* _REQUIREMENT_:
Every picture is to be removed, and all the data is to be copied exactly.

* _GIVEN MATERIAL_:
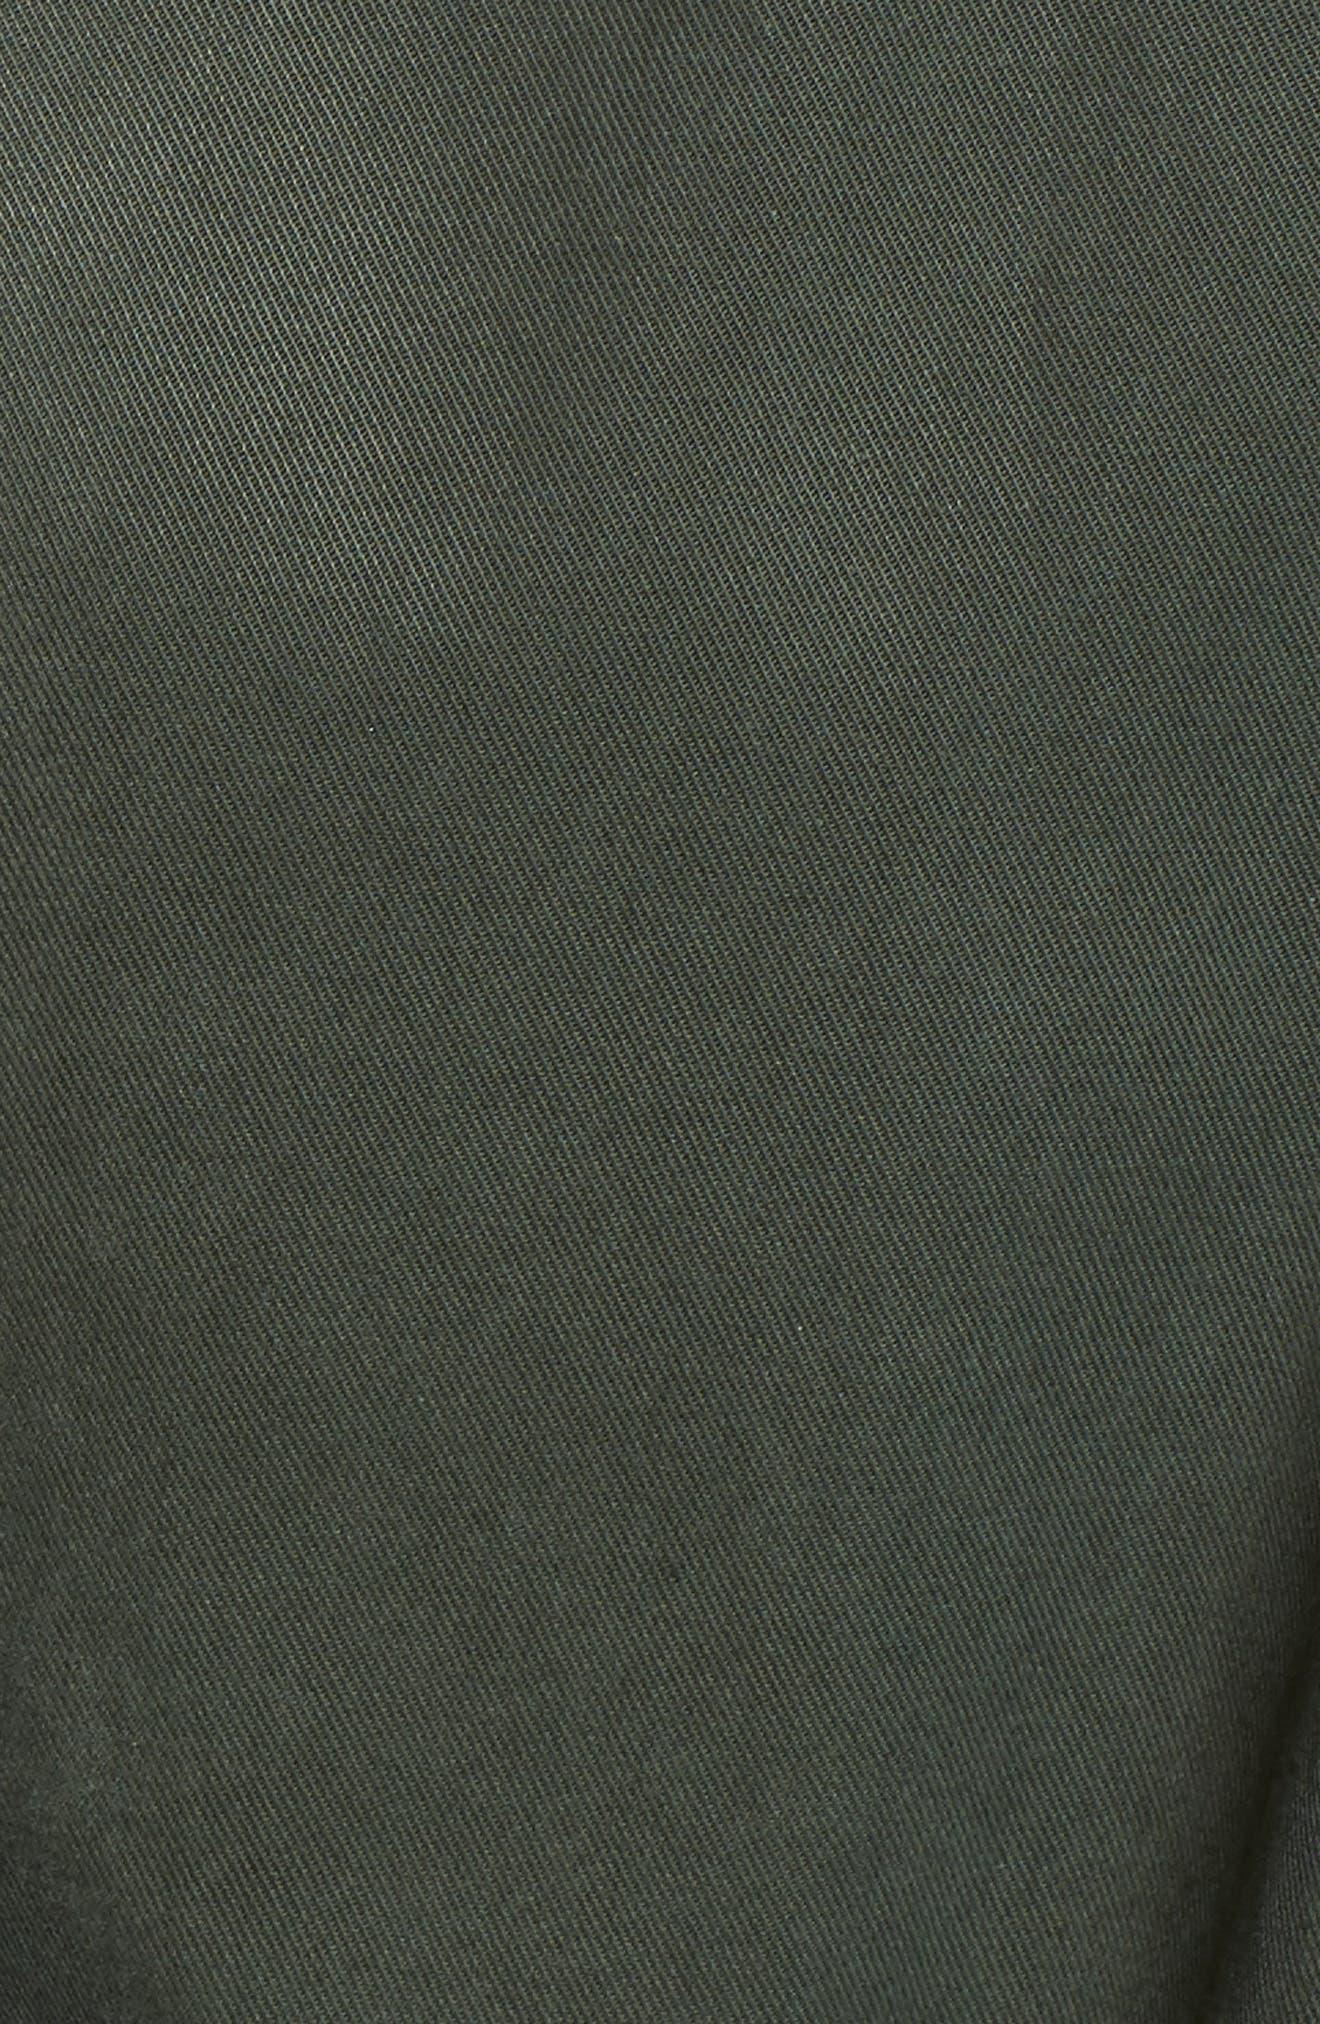 Brannen Military Jacket,                             Alternate thumbnail 7, color,                             310
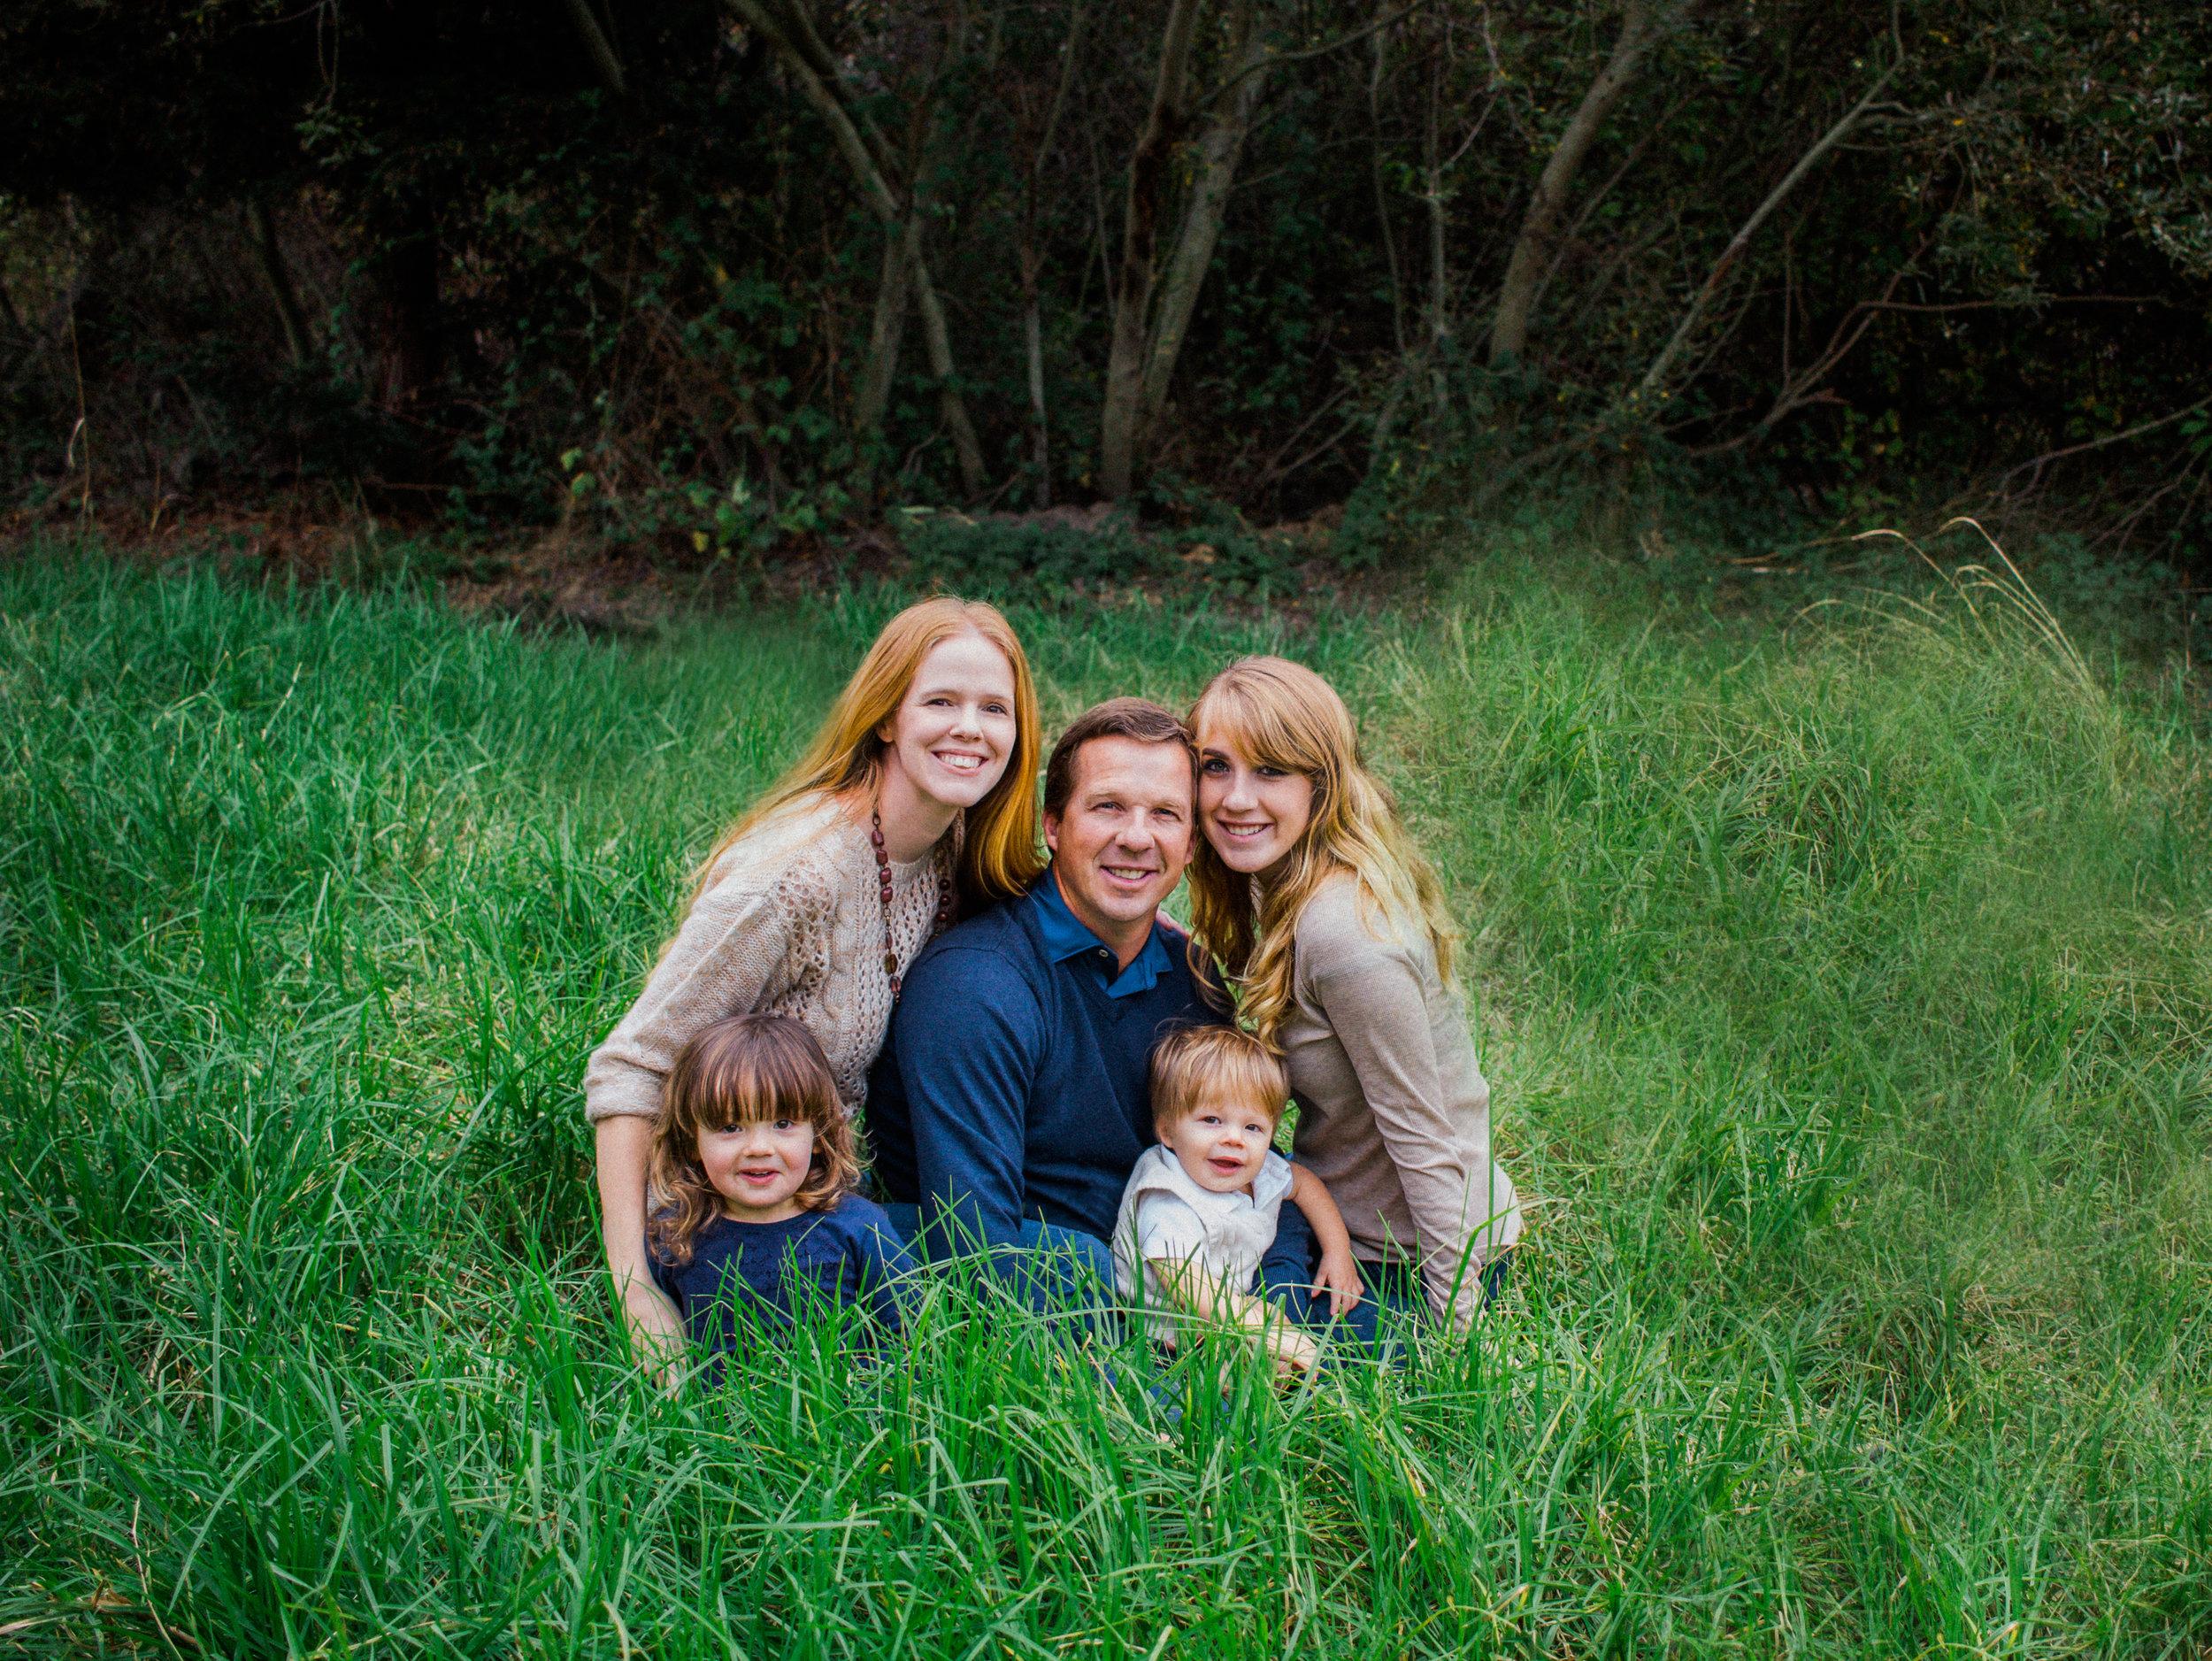 Our last family photo taken 2 years ago!
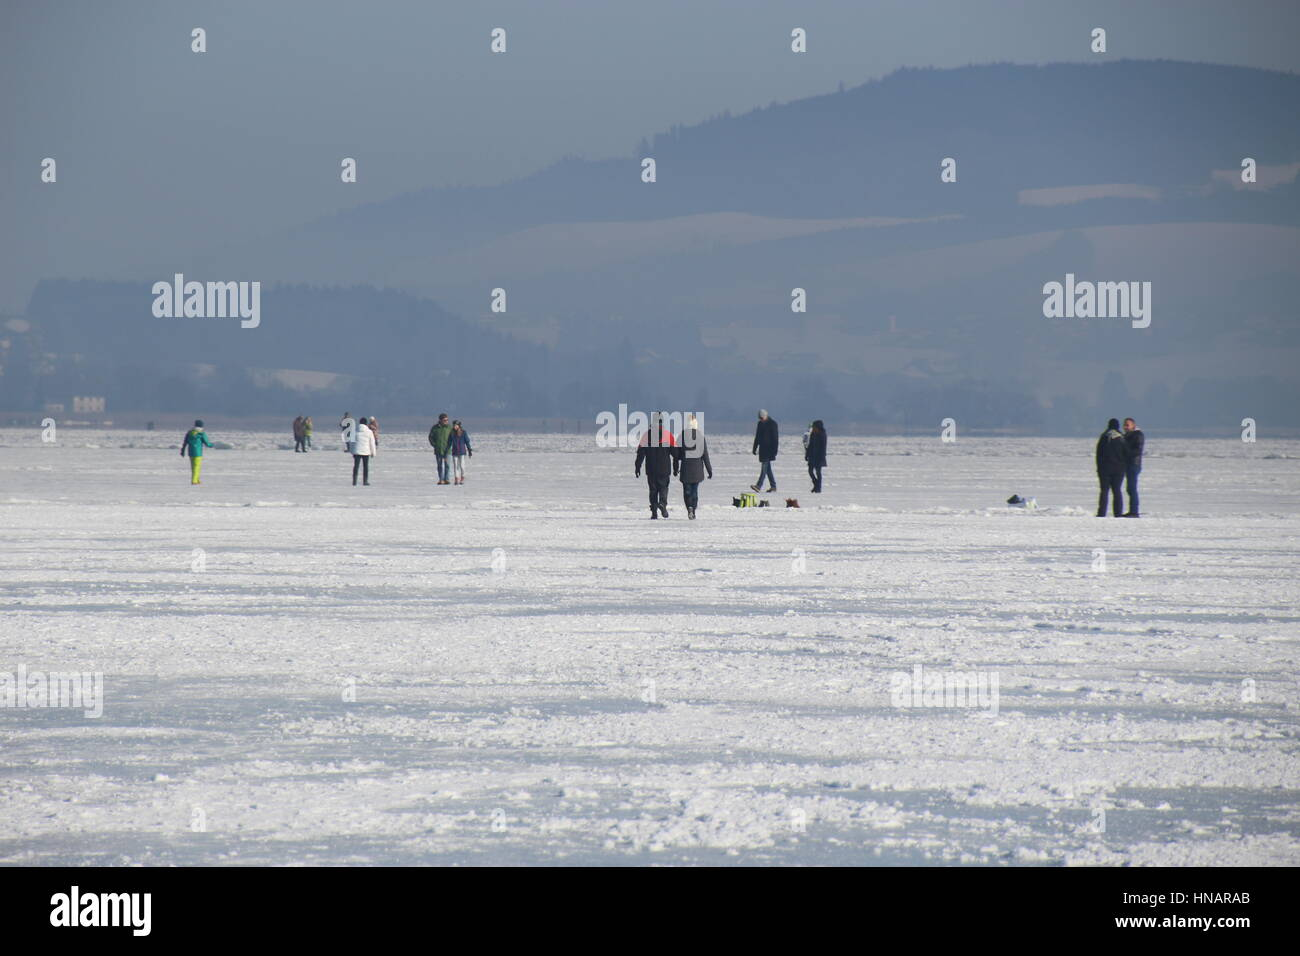 Many people walk on the frozen lake Wallersee in Seekirchen. Salzburger Land, Austria, Europe. - Stock Image

* _ANSWER TO THE PROBLEM_:
 Brannen Military Jacket,                             Alternate thumbnail 7, color,                             310
 Our last family photo taken 2 years ago!
 Many people walk on the frozen lake Wallersee in Seekirchen. Salzburger Land, Austria, Europe. - Stock Image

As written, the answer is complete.